## Recorded information:

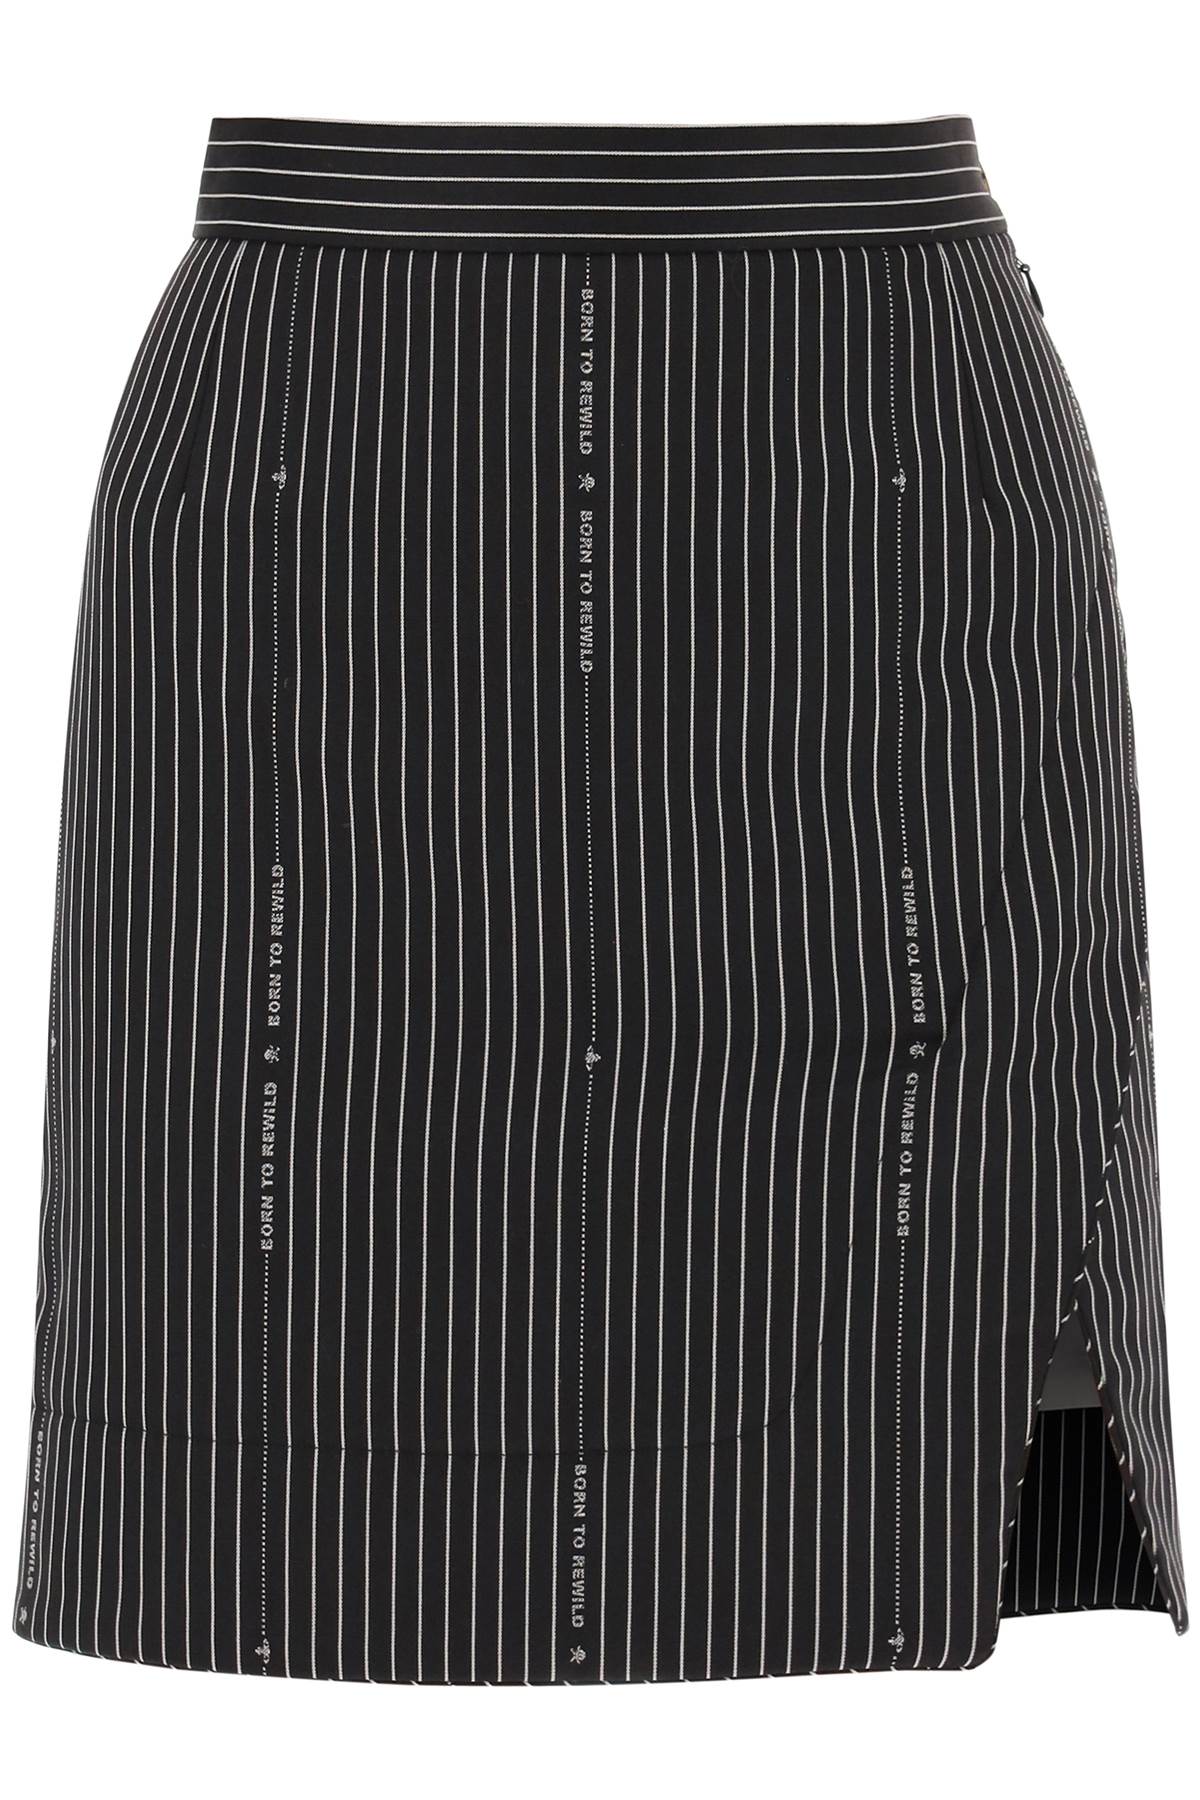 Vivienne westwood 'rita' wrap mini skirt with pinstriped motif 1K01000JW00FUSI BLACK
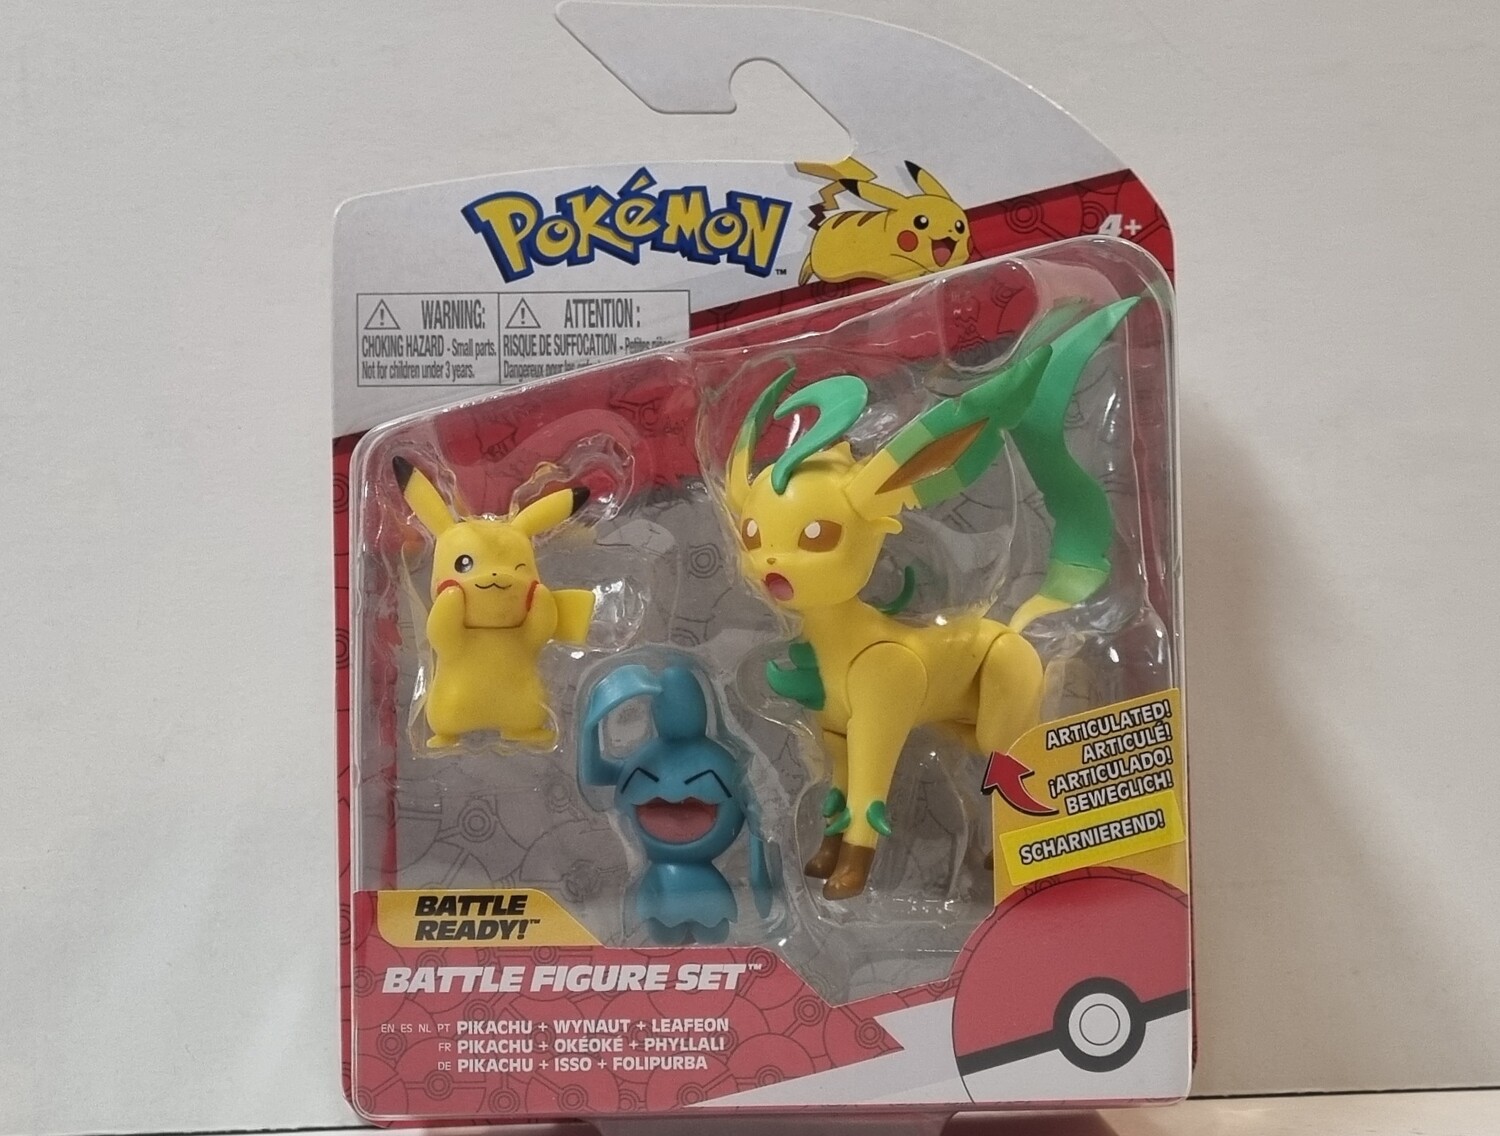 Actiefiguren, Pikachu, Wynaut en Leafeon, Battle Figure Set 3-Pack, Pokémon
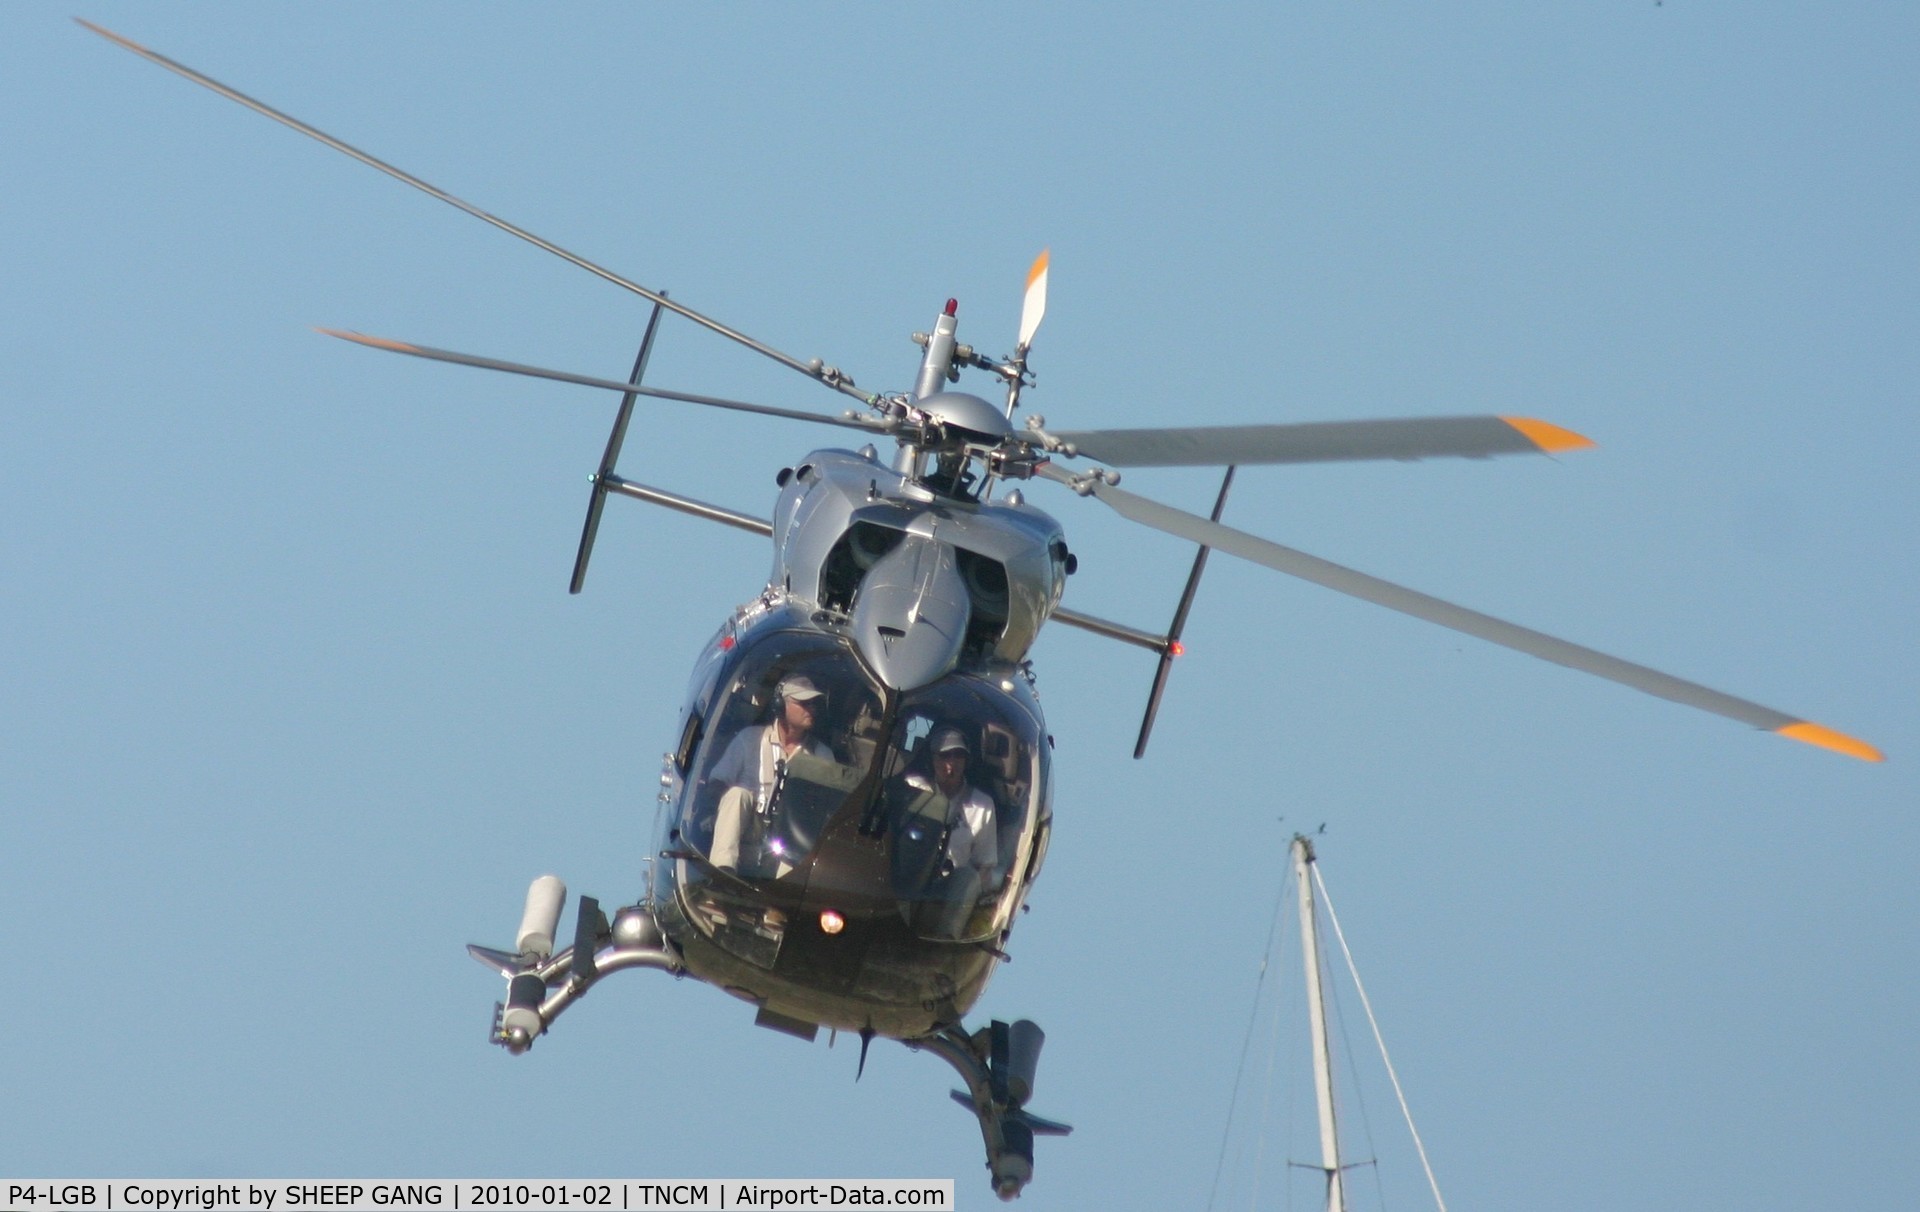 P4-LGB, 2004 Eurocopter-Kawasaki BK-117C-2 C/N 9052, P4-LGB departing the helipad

## The problem:
The lines from the one containing "Actiefiguren, Pikachu, Wynaut" through the last line above are to be repeated exactly, and only those. Any pictures must be left out.

## Response:
 Actiefiguren, Pikachu, Wynaut en Leafeon, Battle Figure Set 3-Pack, Pokémon
 P4-LGB, 2004 Eurocopter-Kawasaki BK-117C-2 C/N 9052, P4-LGB departing the helipad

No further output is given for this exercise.